Pelosi presses for vote on Biden bill despite Manchin objections

Accounting

House Speaker Nancy Pelosi plans to push forward with plans to vote this week on the two bills that comprise President Joe Biden’s economic agenda despite moderates echoing Senator Joe Manchin’s complaint about not knowing the full cost and economic impact.

None of the centrist Democrats have yet threatened to block a vote on a $1.75 trillion tax and spending plan that forms the biggest parts of Biden’s agenda. Yet it was another indication that Pelosi, Biden and other Democratic leaders haven’t fully sealed the deal to get the measure passed.
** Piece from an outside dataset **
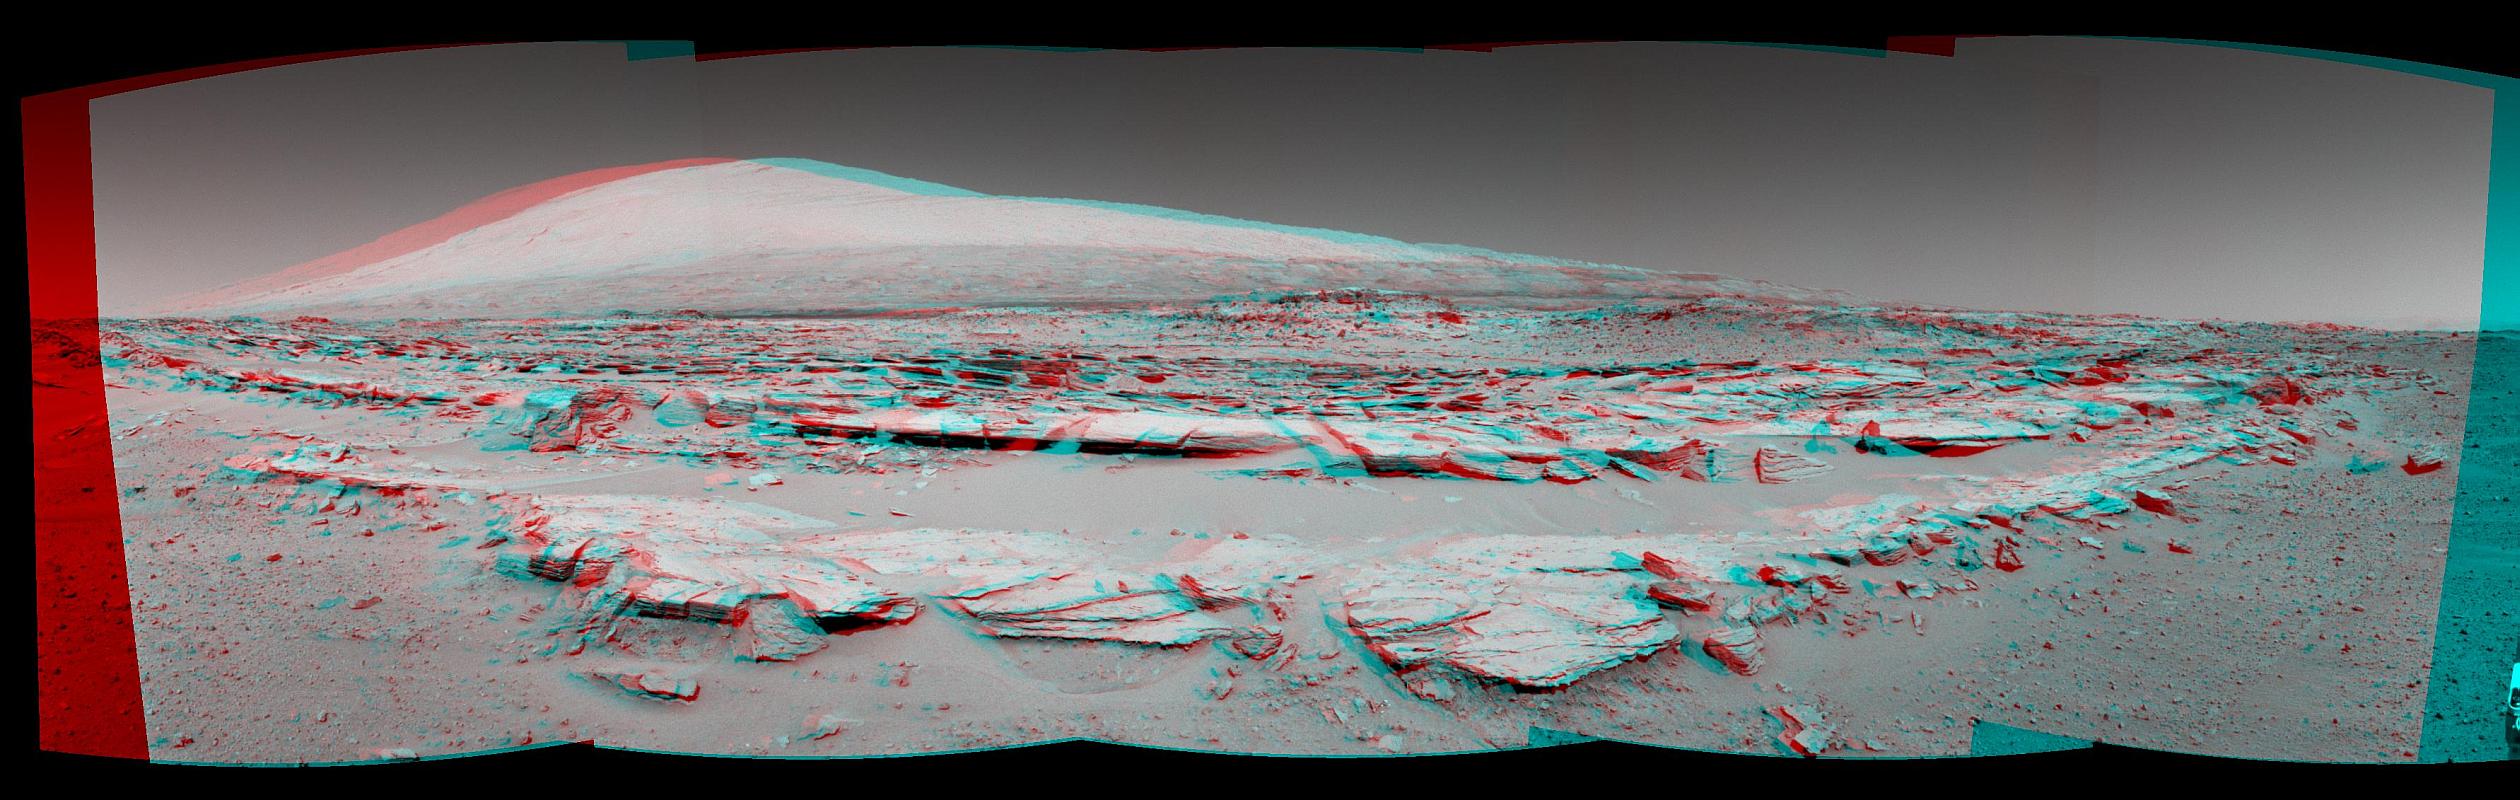 Martian 3D Panorama
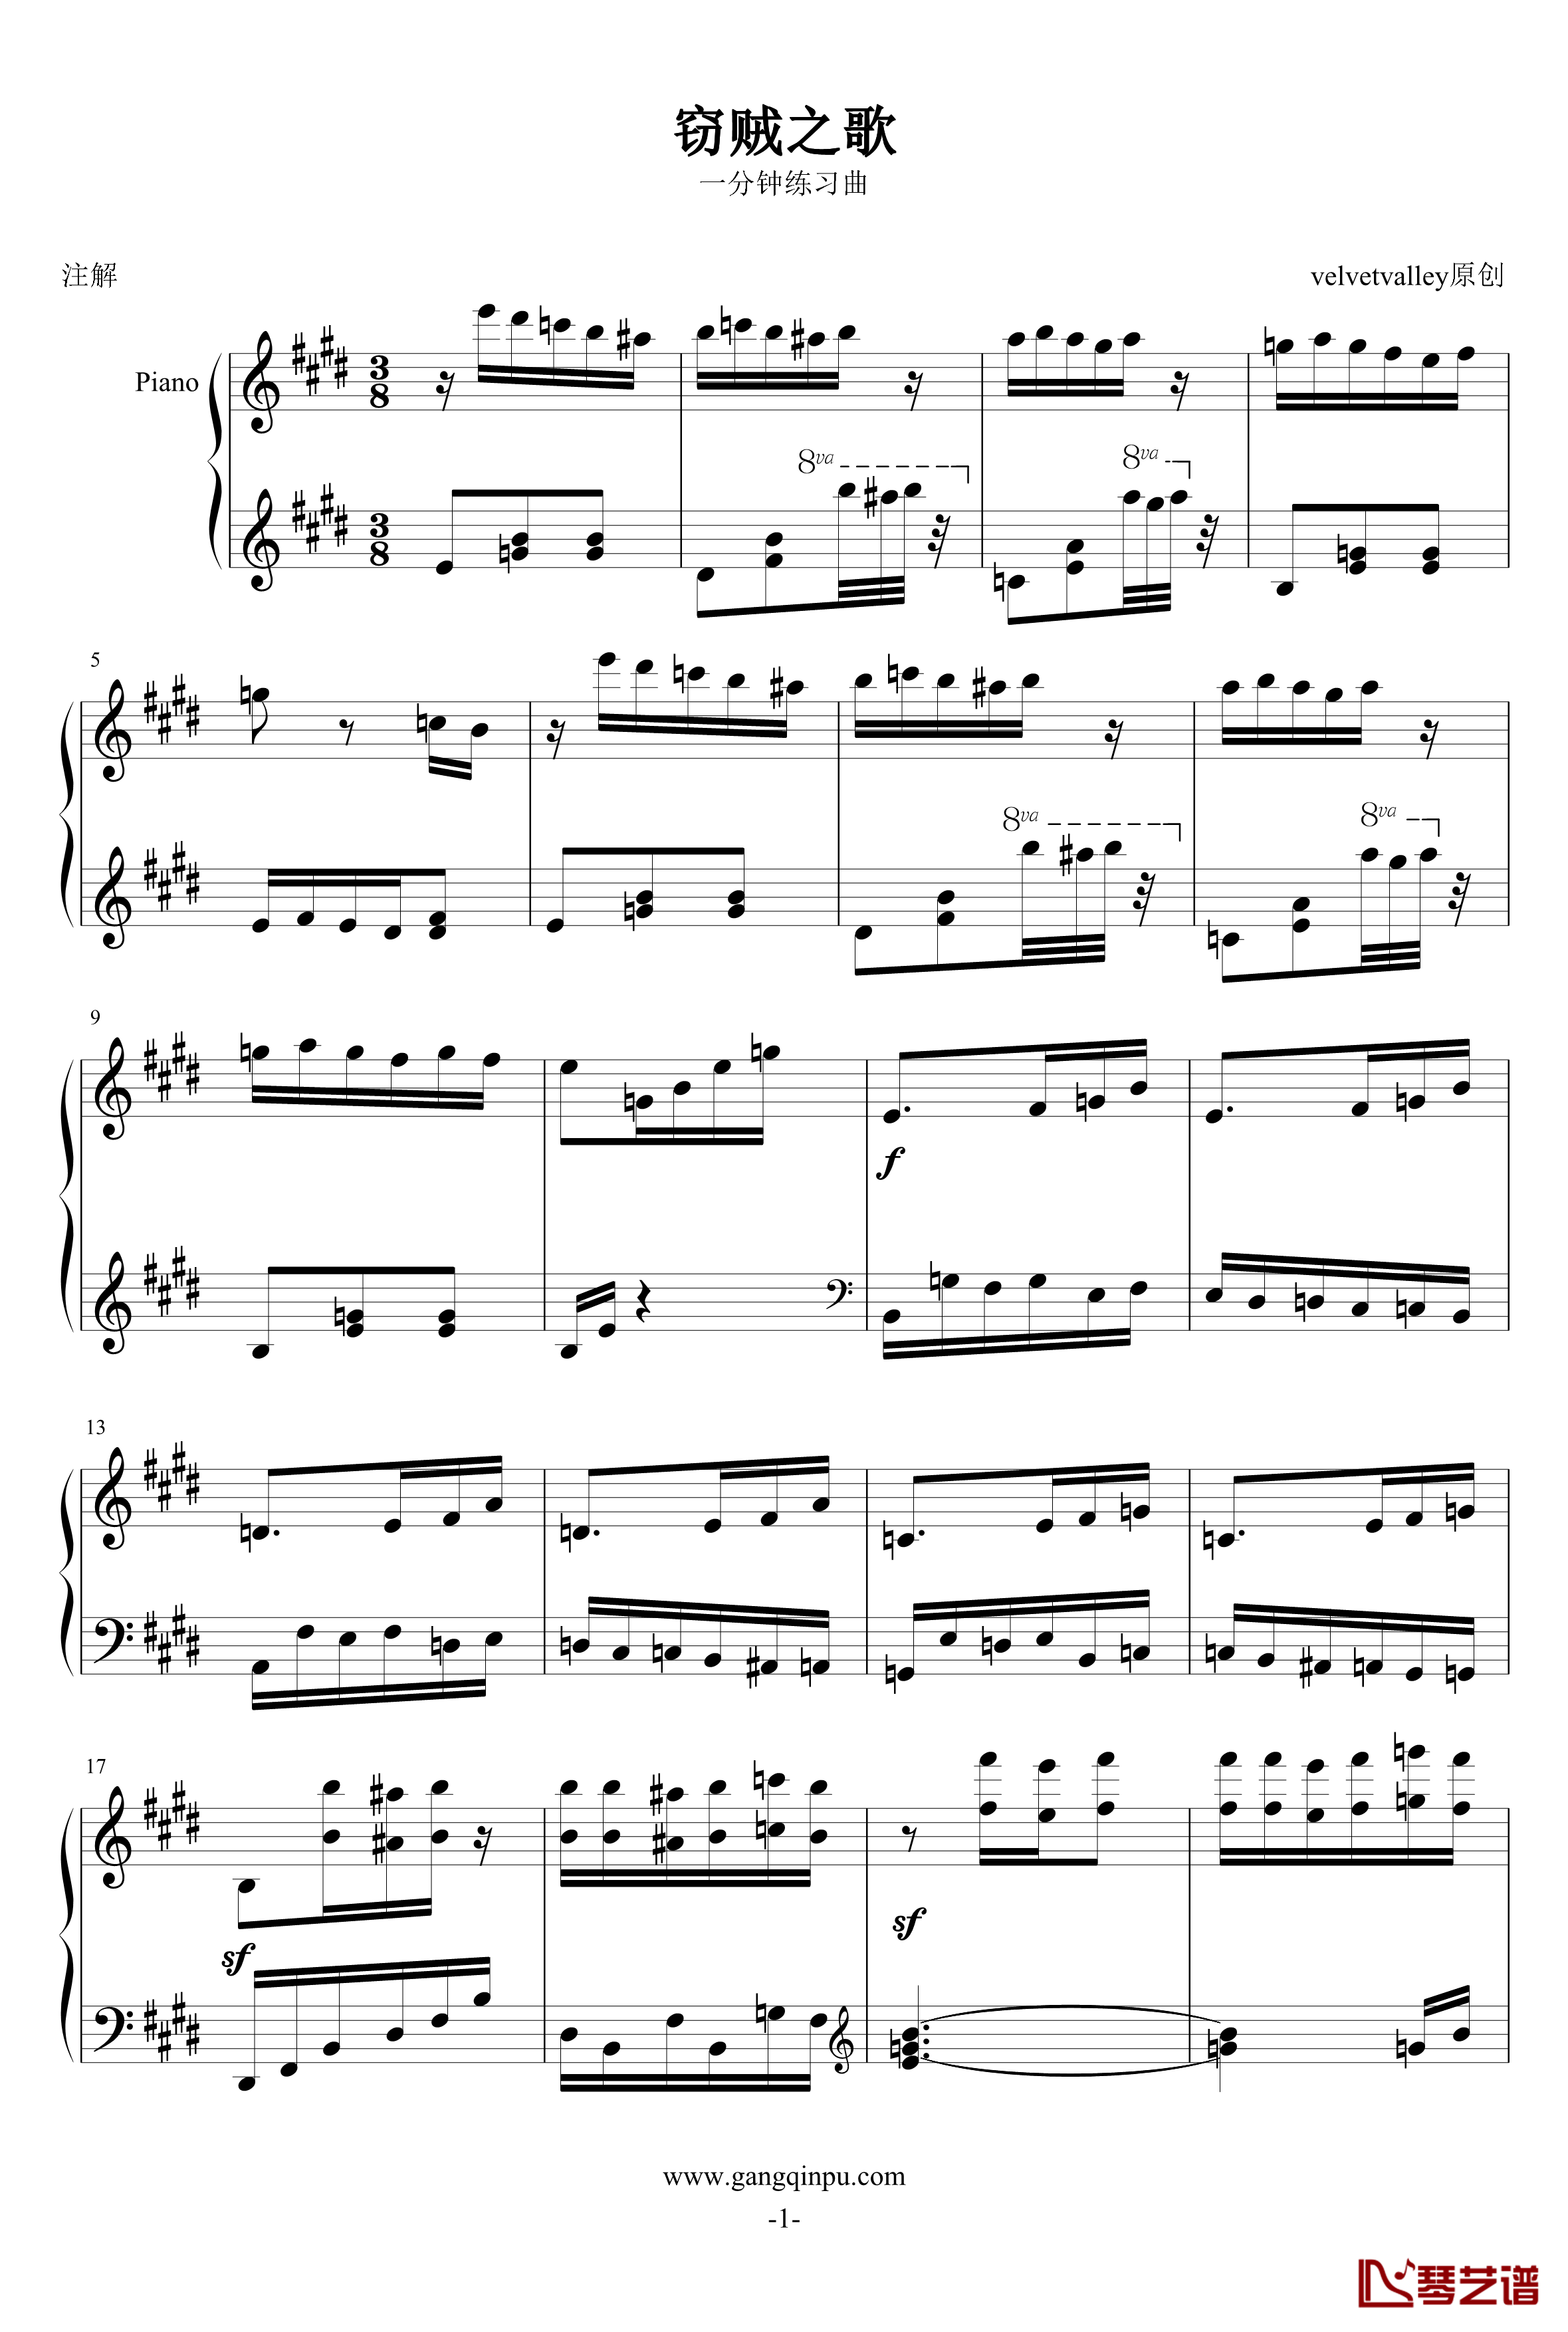 窃贼之歌钢琴谱-一分钟练习曲-velvetvalley1

Pelosi is focused on the House voting on the tax and spending proposal and a separate $550 billion public works measure before she attends the United Nations climate summit in Glasgow, Budget Committee Chairman John Yarmuth said Monday. Pelosi’s office has not announced when she is traveling to the summit, which lasts until Nov. 12.

Nancy Pelosi

Aaron P. Bernstein/Bloomberg

“We’re on course to pass our bill,” Pelosi said Monday night of the larger package, which includes climate and social spending paid for by tax increases.

Another top Democrat, Rules Committee Chairman Jim McGovern, said his panel would likely meet Wednesday to set the parameters for floor debate on the tax and spending measure.

But comments from some House moderates cast doubt that the bill could pass a chamber in which Democrats can only afford to lose three votes.

Two Democrats — Stephanie Murphy of Florida and Jim Costa of California — said they would like to see a Congressional Budget Office score of the bill to ensure new spending is paid for. Their comments came on the heels of the announcement by Manchin, a West Virginia Democrat, that he’s withholding support for the package in the evenly divided Senate until he sees an assessment of the cost and economic impact.

“I’m very interested also in seeing CBO scores for the bill,” Murphy said. She wouldn’t say if she supports the bill, saying only that talks are still “fluid.”

Costa, at the same time, said lawmakers would feel “more comfortable” voting on the package if the CBO analyzed its costs and offsets. Lawmakers, he added, should have 72 hours to review the text before the vote.

Another moderate, Josh Gottheimer of New Jersey, wouldn’t comment directly on the CBO’s forthcoming analysis but signaled he may want more information before casting a vote.

“It’s important that we make sure we get as many facts as we can to make the smartest decision possible,” he said.

CBO scoring on the draft legislation, Yarmuth said, would take two weeks.

In a boost to Pelosi’s effort, the moderate New Democrat Coalition formally endorsed the draft bill on Monday. Last week the Congressional Progressive Caucus endorsed the outline of the plan. Pelosi is trying to seal a last-minute deal on drug price cuts to add to the measure in order to allow a vote this week.

Meanwhile, House progressives have signaled they do not intend to allow a vote on the infrastructure package until the larger tax and spending bill is teed up. Their votes are necessary on the roads and bridges bill, and they have said they will use it as leverage to push through their social spending priorities.

“Joe Manchin does not get to dictate the future of our country,” Representative Cori Bush of Missouri said in a statement on Monday.